What is required:
Retype only what runs from the beginning of the data through the line with "Champagne Lepreux-Penet, Secret"; please omit the pictures and keep every line exact.

Supplied material:
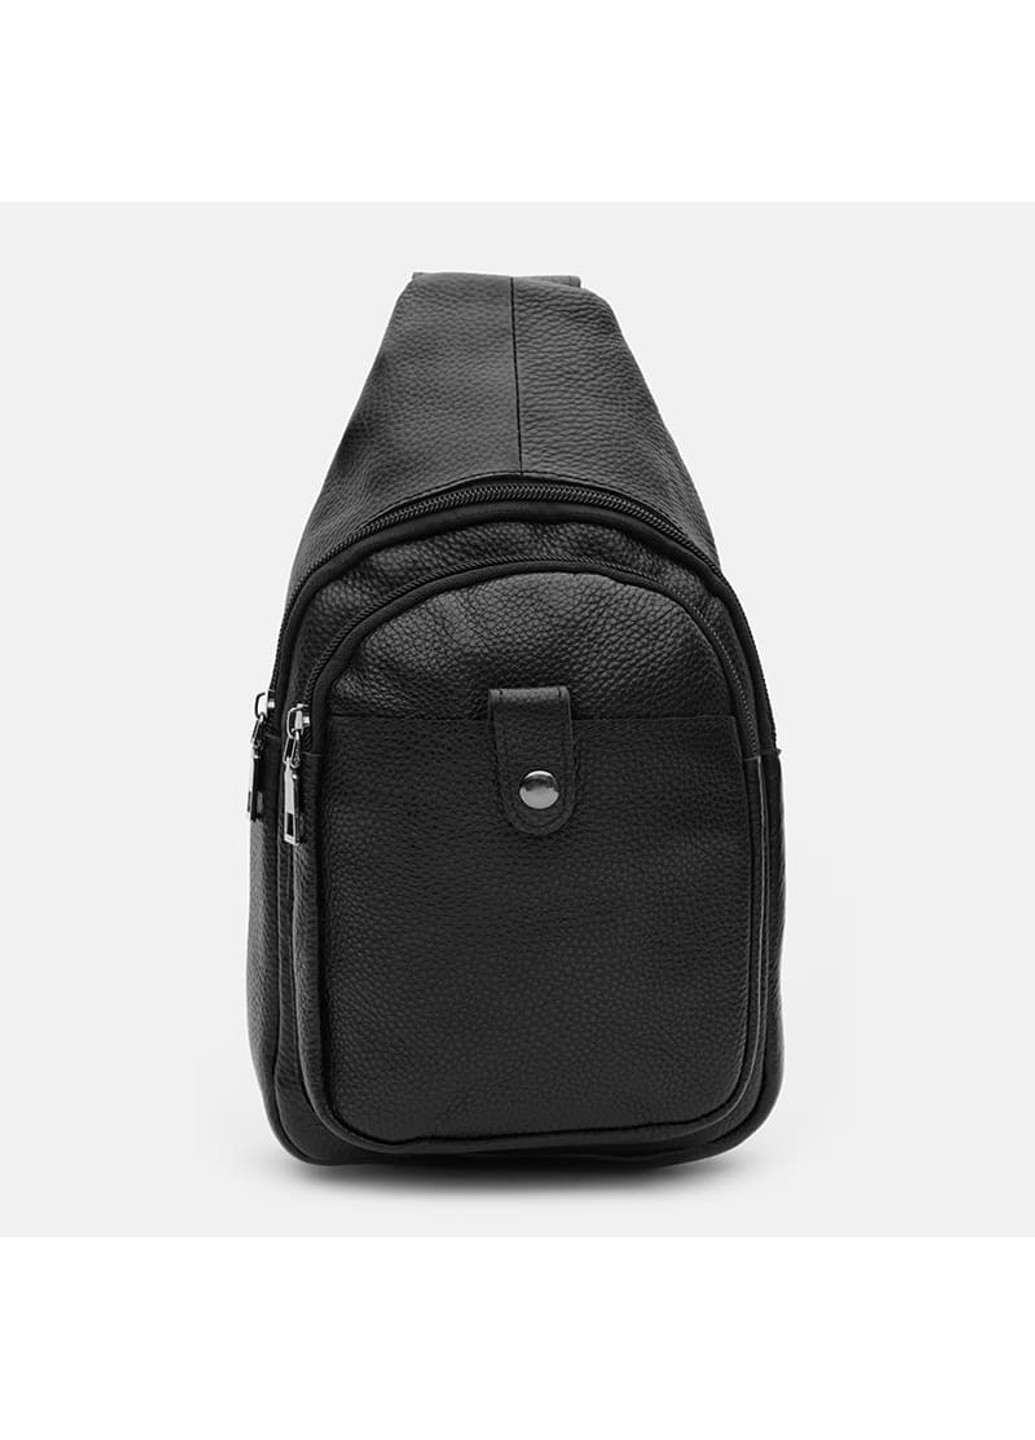 Мужской кожаный рюкзак K1084bl-black Keizer (266143456)
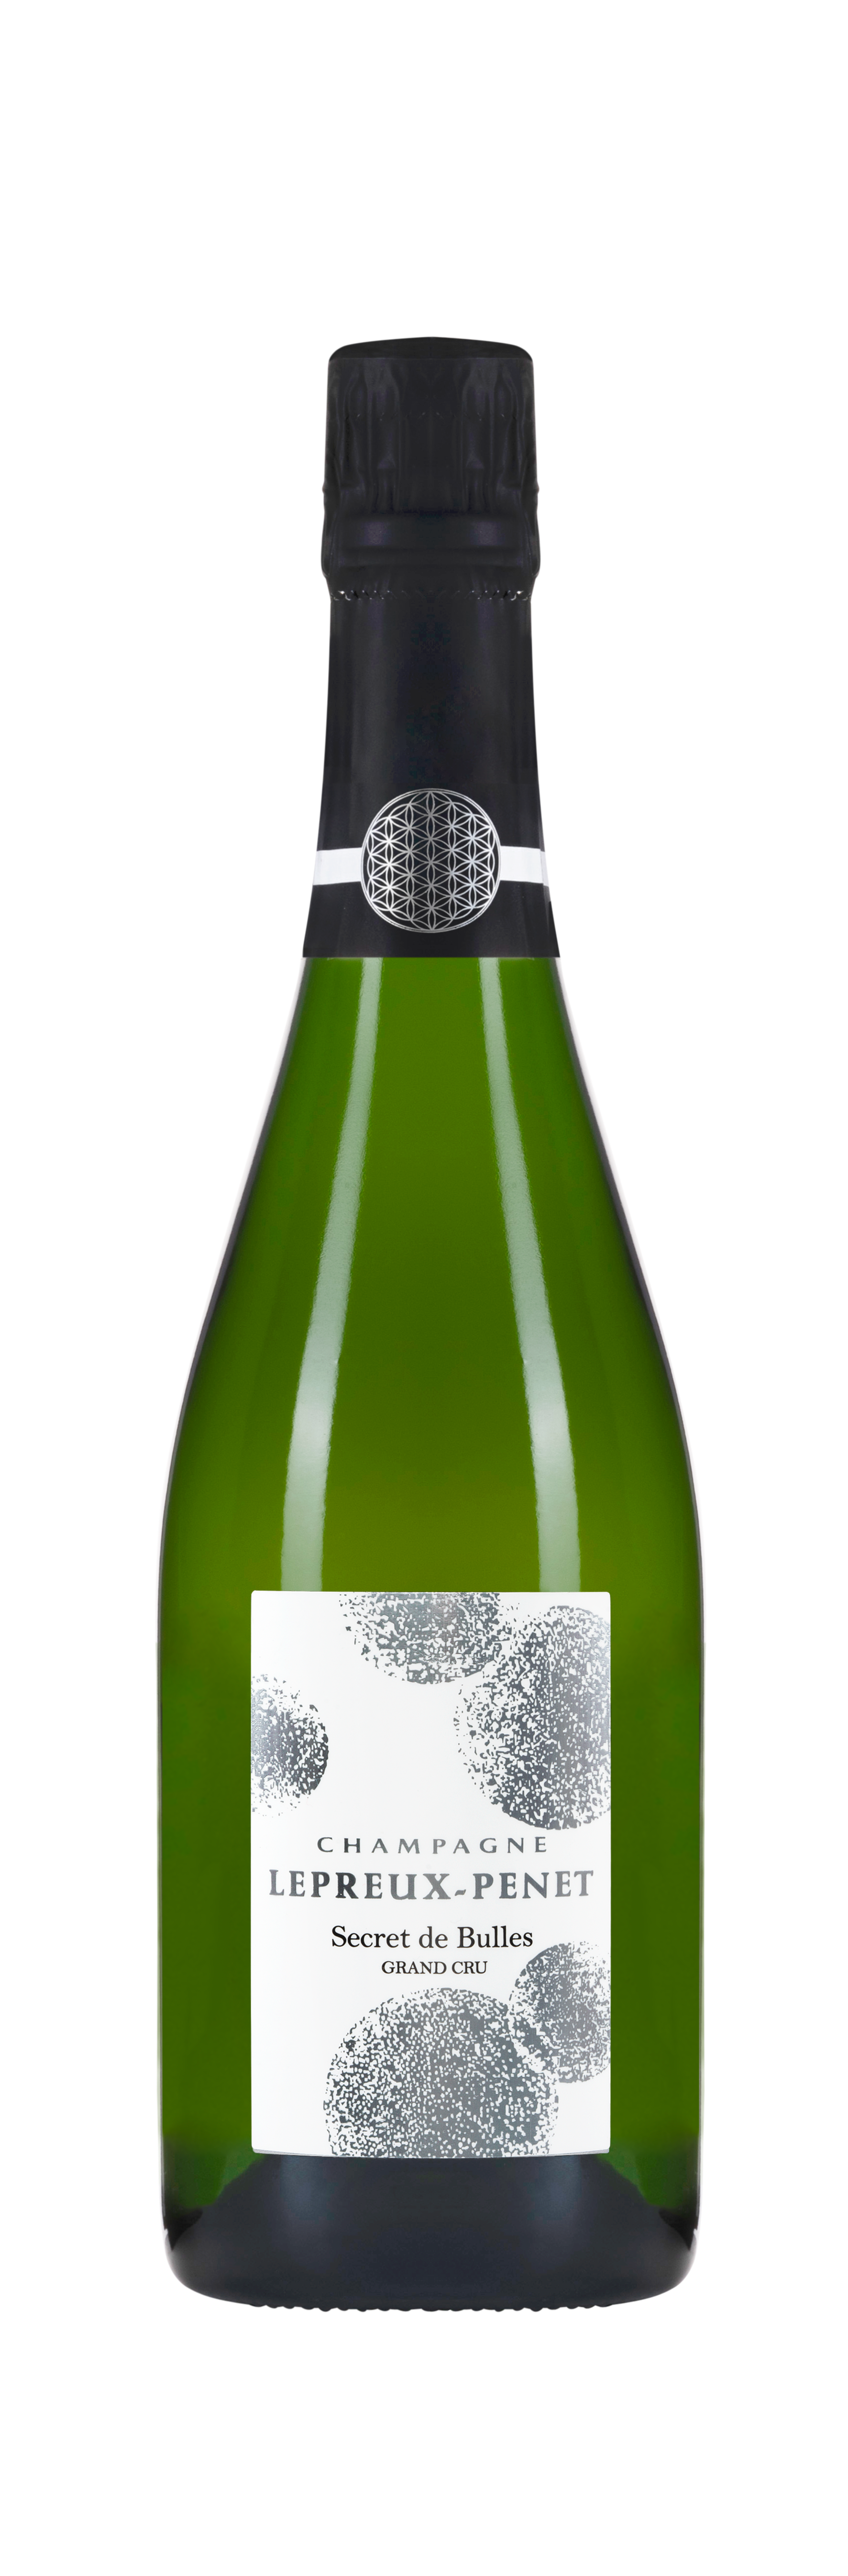 Champagne Lepreux-Penet, Secret de Bulles, Weiß, NV, Champagne grand cru. Bottle image
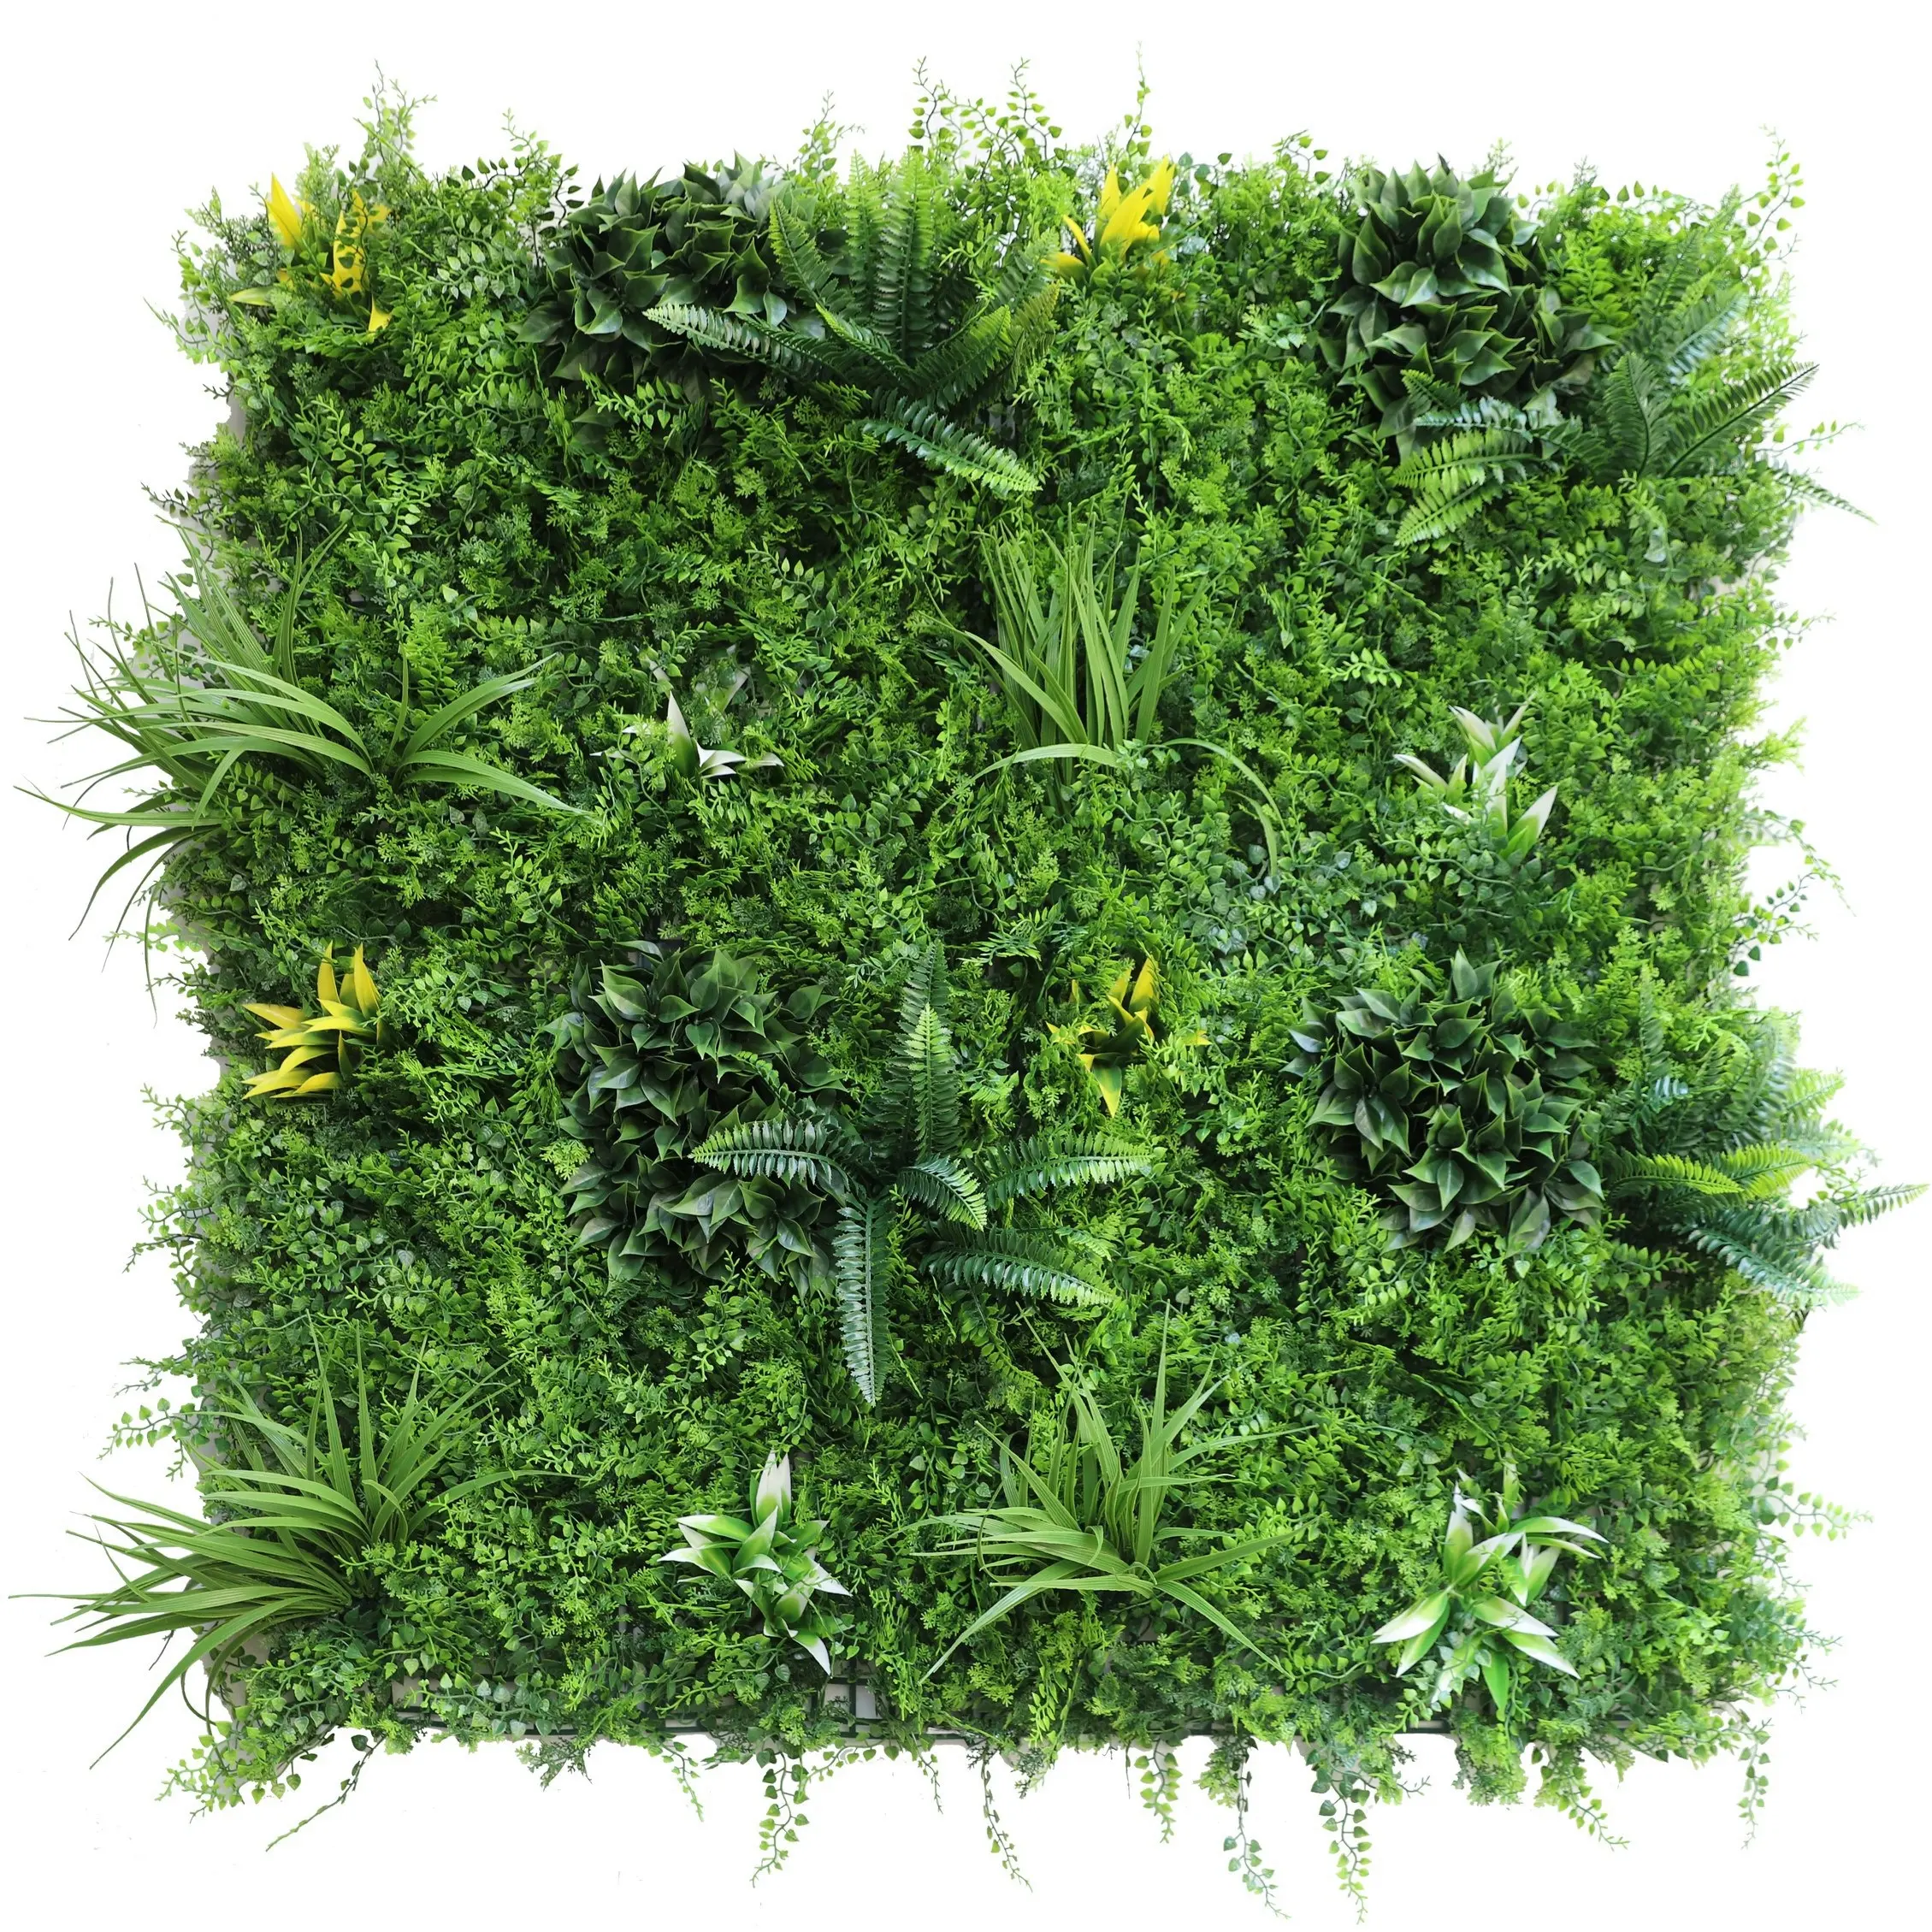 Plantes artificielles chauffage vertical, mur de plantes pour l'intérieur et l'extérieur, offre spéciale

Answer space:
 Мужской кожаный рюкзак K1084bl-black Keizer (266143456)
 Champagne Lepreux-Penet, Secret de Bulles, Weiß, NV, Champagne grand cru. Bottle image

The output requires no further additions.